幽斎

ライト/オフの幽斎のレビュー・感想・評価

ライト/オフ(2016年製作の映画)
3.8
元ネタはBloody Cuts Horror Challenge映画祭に出品された短編2分41秒の動画。これでDavid F. Sandbergは監督賞を受賞。夫人でもあるLotta Lostenしか登場しないが、YouTubeに投稿されると全世界で1億5000万回再生され、私の生涯ベスト「SAW」のJames Wan監督の目に留まり、ハリウッドで長編化。この短編は話題に成る前にVimeoで観たが、驚嘆に値する秀逸な動画だった。

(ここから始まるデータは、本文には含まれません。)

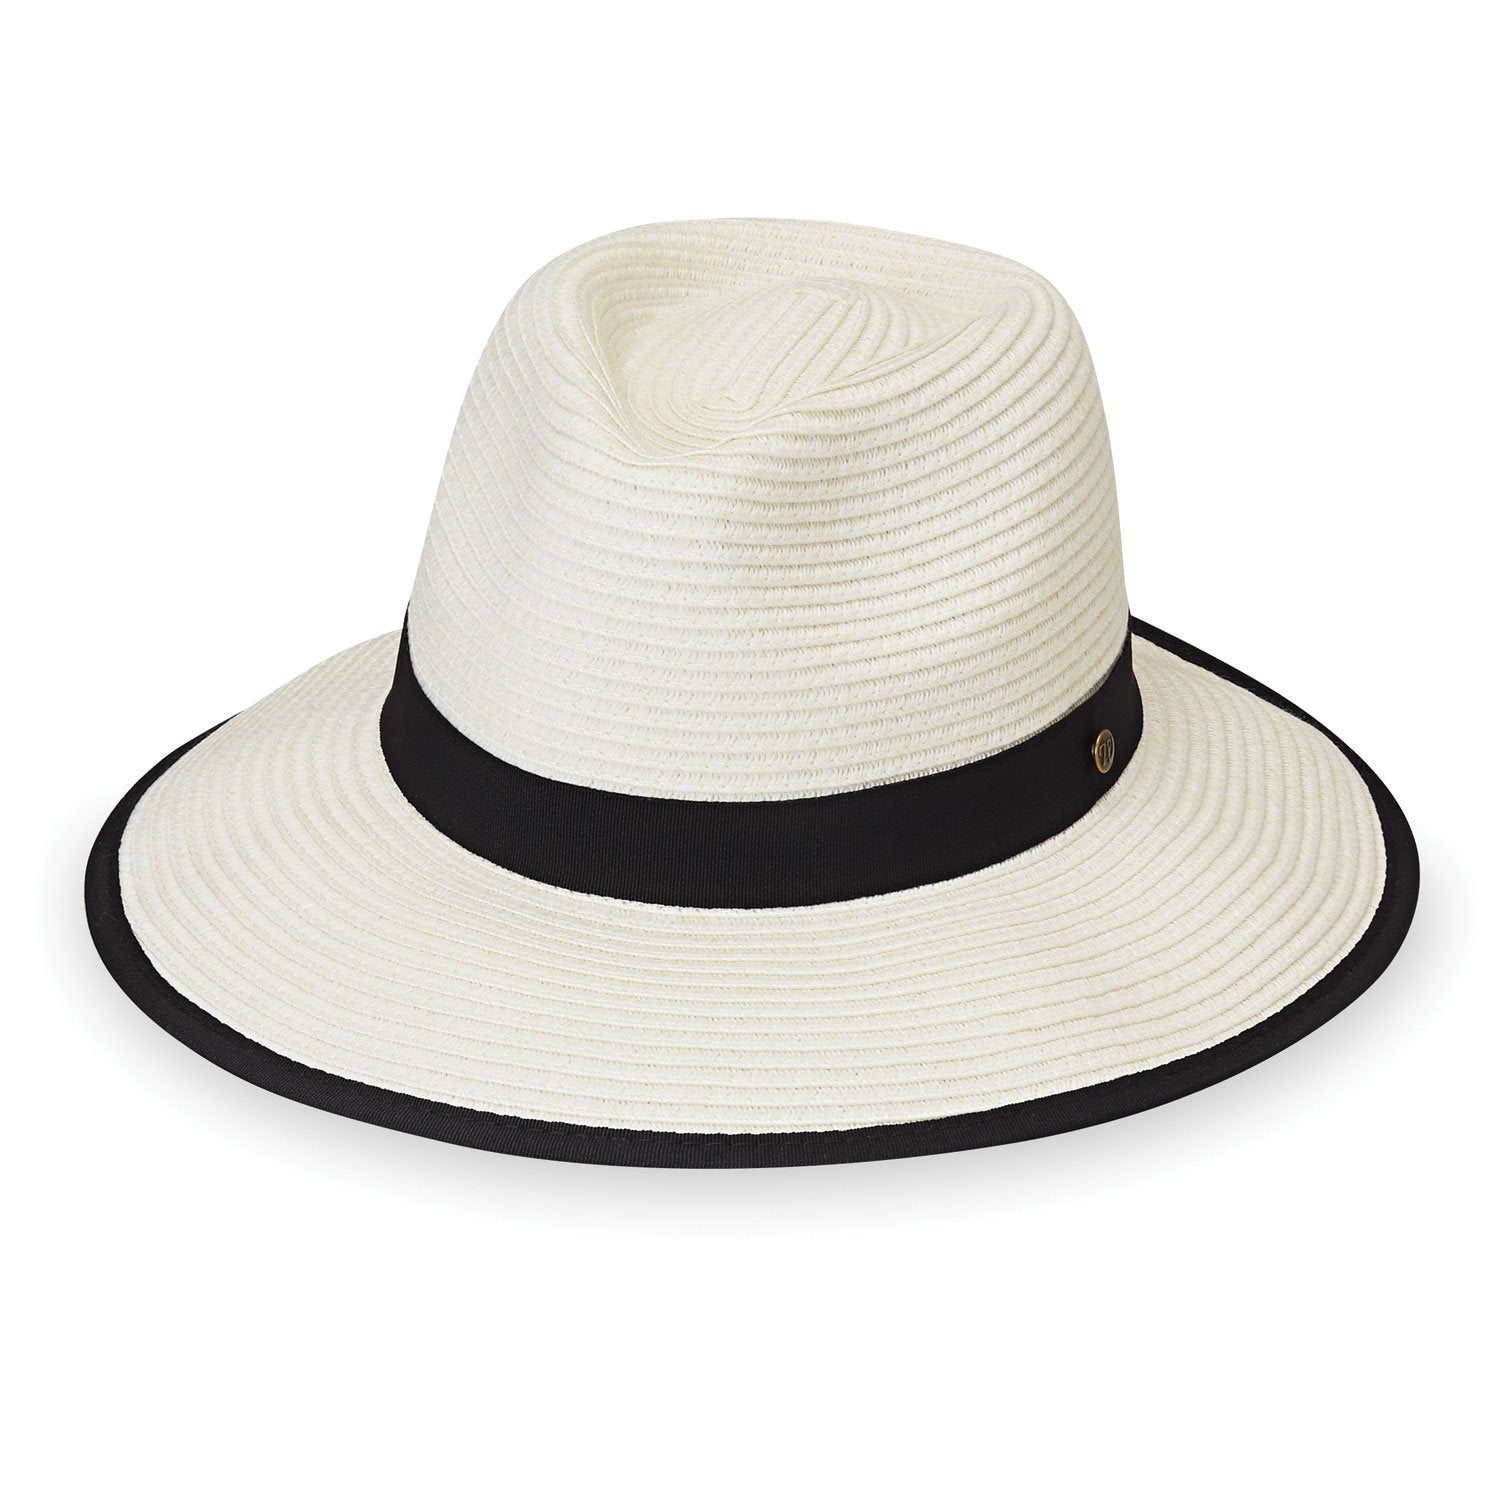 Featuring Women's Packable Gabi Ponytail Fedora Style UPF Sun Hat in Ivory from Wallaroo

短編は日本の幽霊と同じ様に、何者か分らない、何をするのかも分らない、実際は人間にしか見えない虚像だから寧ろ怖い訳で、ハリウッドでモンスター化され、スピリチュアルな面が削ぎ落とされ、短編が持っていた見えたのに見えない恐怖が消えてしまった。蛇足の脚本とお決まりの家族愛で終結するので、光アレルギーと皮膚疾患とか工夫は見られるが、結果ありふれたホラーに為ってしまった。

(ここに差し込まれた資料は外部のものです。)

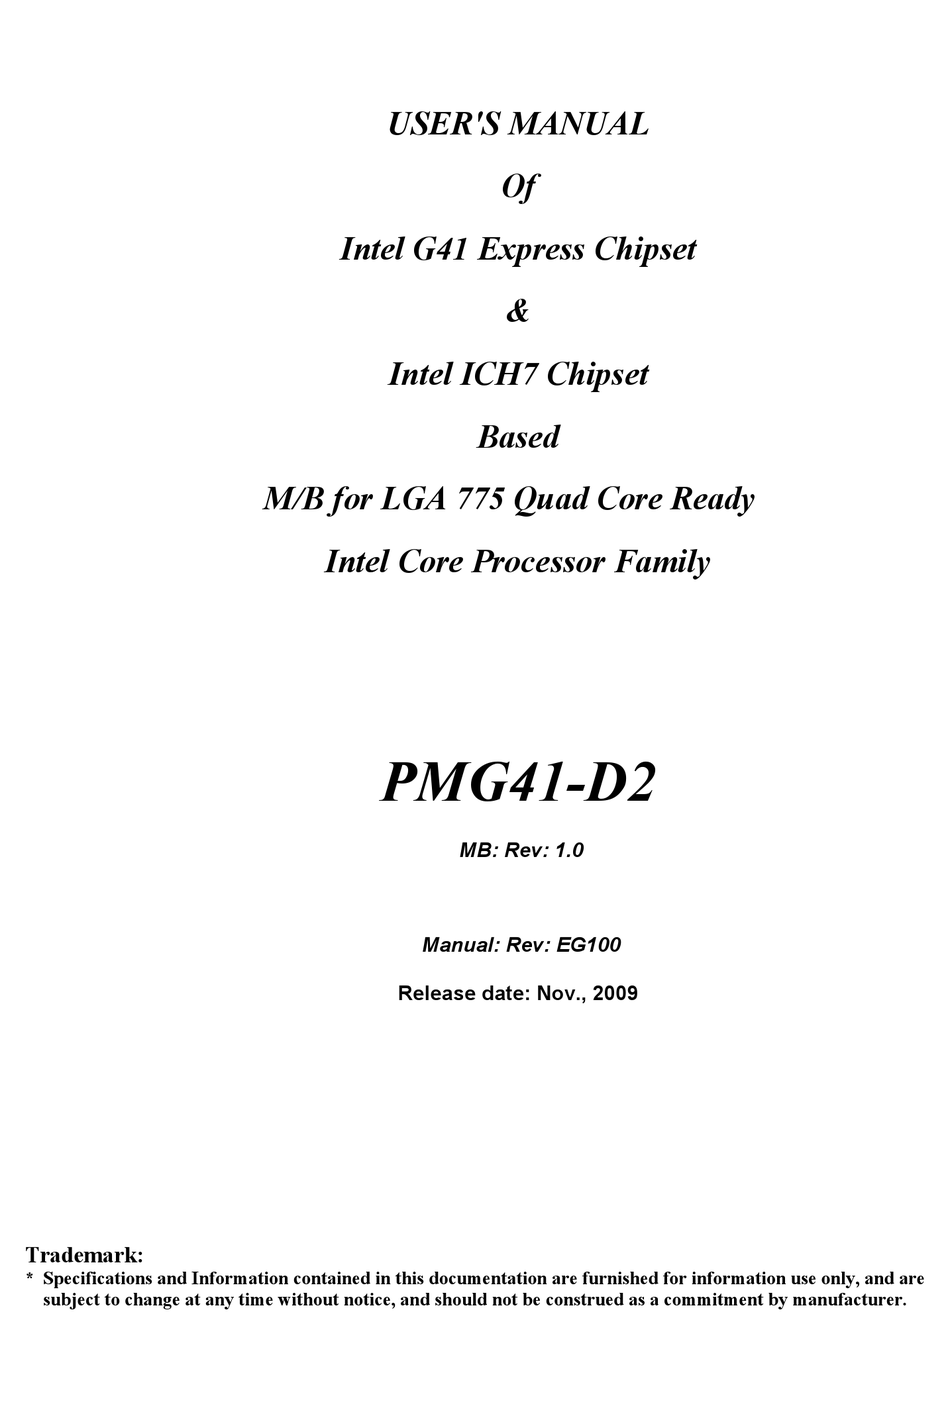 Circuit Diagram And Description Of Motherboard Intel G41 Express

それでも流石はJames Wan、観ている間はしっかり楽しめるホラーに仕上がってるのは凄い。暗いシーンが多いので音楽が重要に成るが、Benjamin Wallfischの邪魔をしない演出は良かった。この作品が評価され「ブレードランナー 2049」も担当する事に成る。主演のTeresa Palmerが際立ってたが本作で脚光を浴び、旦那である「13の選択」のMark Webberと立場が逆転しないかと心配。私的にはMaria Belloが元気そうで良かった。

2分41秒の動画を81分に水増しする訳だから最初から無理が有るし、設定も全て後付けなので、肝心な物語の完成度がお座なりなのは仕方無い。電気をパチパチで何か来る、と言う設定は新鮮だが良く考えると、2002年「インプラントTHEY」とか、2003年「黒の怨」の様に、この手の設定は昔から良く有るホラーの定番で、日本のTVで観れる「世にも奇妙な物語」と大差無い。ホラーに耐性の有る方には相当物足りないのでは、と思う。

ホラーこそコンセプトが命。同じJames Wanでも実話を基にした「死霊館」と、ヒットしたから続けた「インシディアス」では、クオリティの差が歴然だ。本作も続編が決定したと言われて2年以上経った、まだプリプロダクションすら掛かって無いが、生暖かく見守りたい。短編がとても良かったので点数は甘めです。